Als er die­ses Ge­läch­ter wahr­nahm, glaub­te der Par­füm­händ­ler, ge­täuscht von dem Lu­xus du Til­lets, es als das La­chen ei­nes Man­nes an­se­hen zu kön­nen, für den ein sol­cher Be­trag eine Klei­nig­keit war, und at­me­te auf. Du Til­let klin­gel­te.

»Schi­cken Sie mei­nen Kas­sie­rer her­auf.«

»Er ist noch nicht da, Herr du Til­let«, ant­wor­te­te der Kam­mer­die­ner.

»Die­se Kerls ma­chen sich über mich lus­tig! Es ist halb neun, man könn­te bis da­hin be­reits Ge­schäf­te für eine Mil­li­on ge­macht ha­ben.«

Fünf Mi­nu­ten dar­auf er­schi­en Herr Le­gras.

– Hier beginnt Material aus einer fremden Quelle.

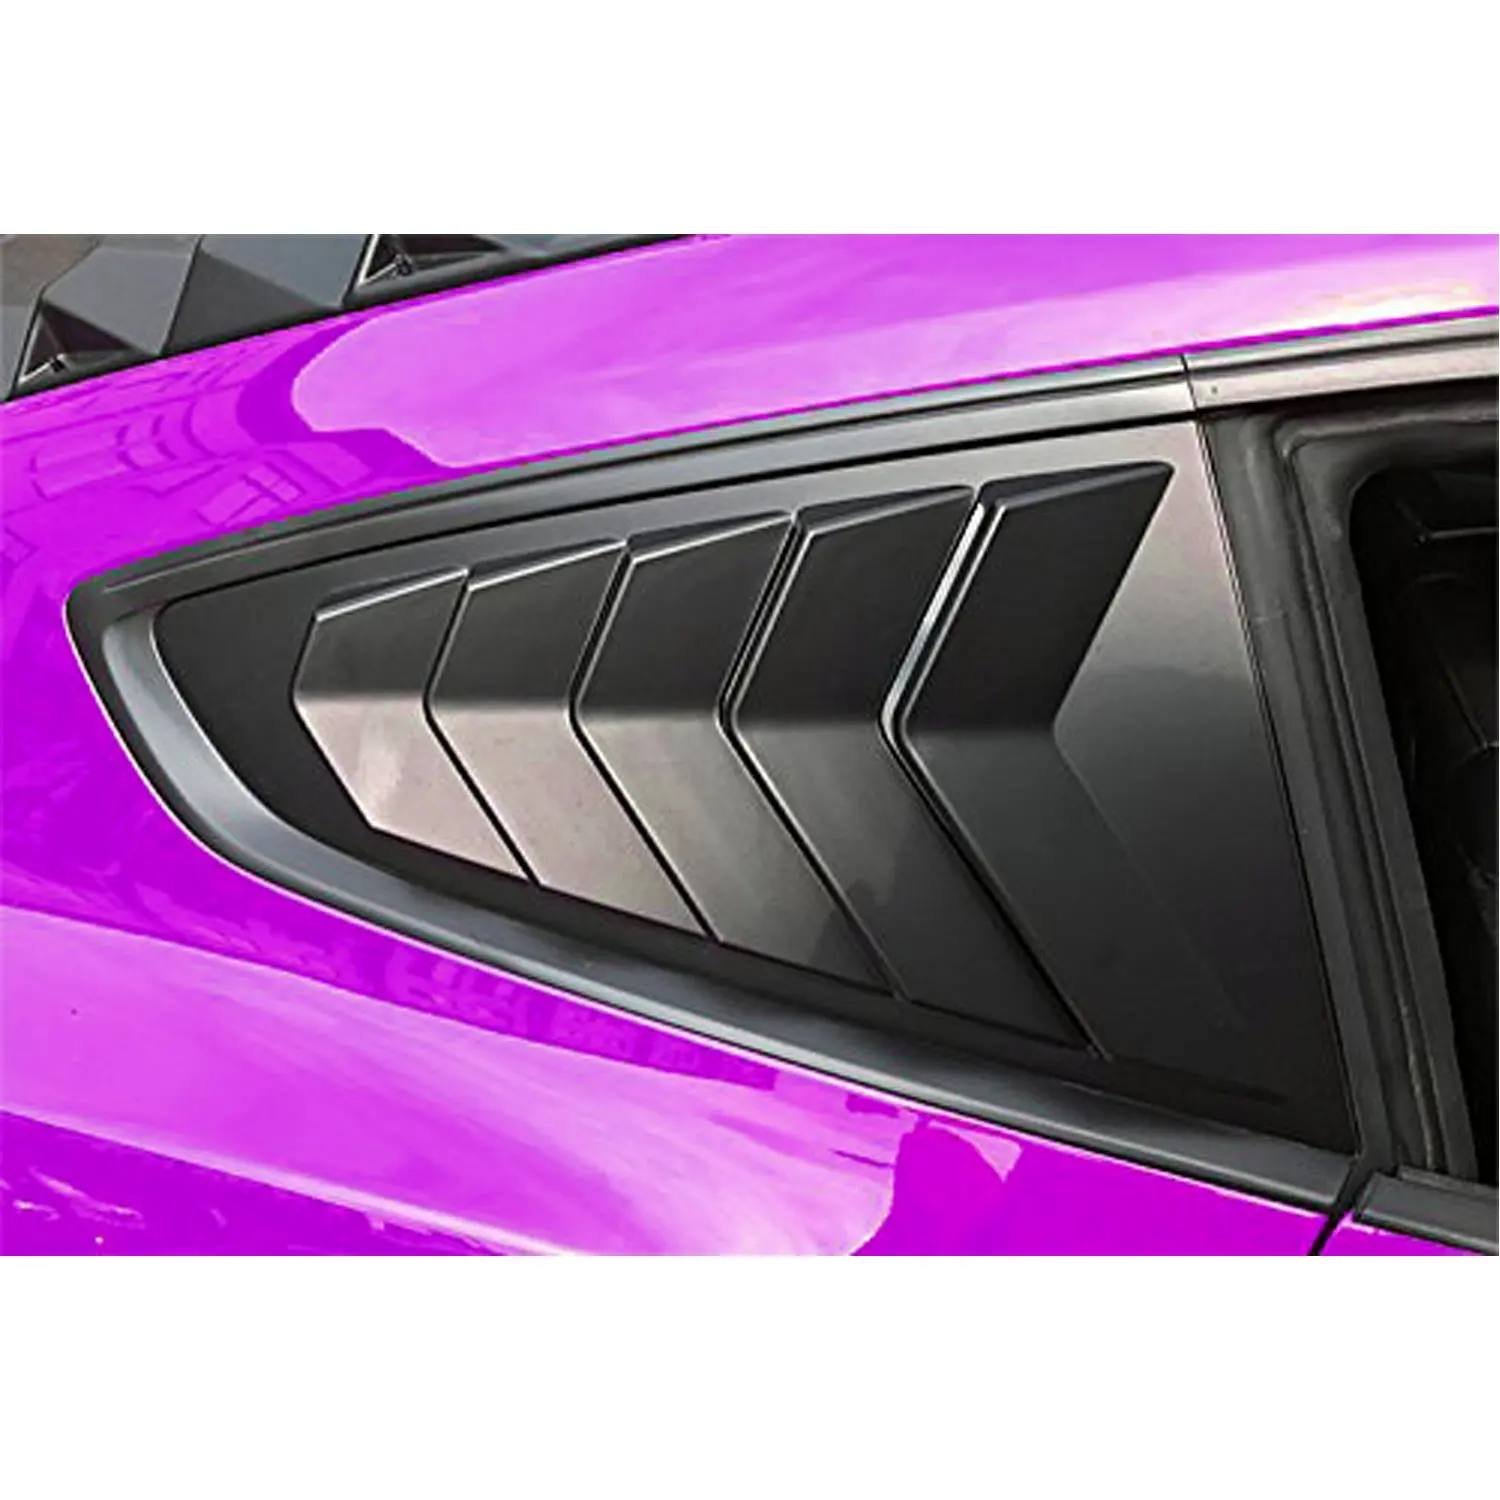 1 матовый черный GT Lambo стиль окно Совок жалюзи ABS окно козырек крышка защита от солнца дождь тени вентиляционное отверстие для Ford Mustang

»Wie­viel ha­ben wir in der Kas­se?«

»Nur zwan­zig­tau­send Fran­ken. Sie ha­ben Auf­trag ge­ge­ben, für drei­ßig­tau­send Fran­ken Ren­te ge­gen Kas­se zu kau­fen, die am fünf­zehn­ten zu be­zah­len sind.«

»Rich­tig, ich bin noch im Schla­fe.«

Der Kas­sie­rer warf einen schee­len Blick auf Bi­rot­teau und ent­fern­te sich.

»Wenn die Wahr­heit von der Erde ver­bannt wer­den soll­te, so wür­de sie das letz­te Wort, das sie noch zu sa­gen hät­te, ei­nem Kas­sie­rer an­ver­trau­en. Ha­ben Sie nicht an der Fir­ma des klei­nen Po­pi­not, der sich jüngst eta­bliert hat, einen An­teil?« sag­te er nach ei­ner schreck­lich lan­gen Pau­se, wäh­rend de­ren dem Par­füm­händ­ler der Schweiß von der Stir­ne rann.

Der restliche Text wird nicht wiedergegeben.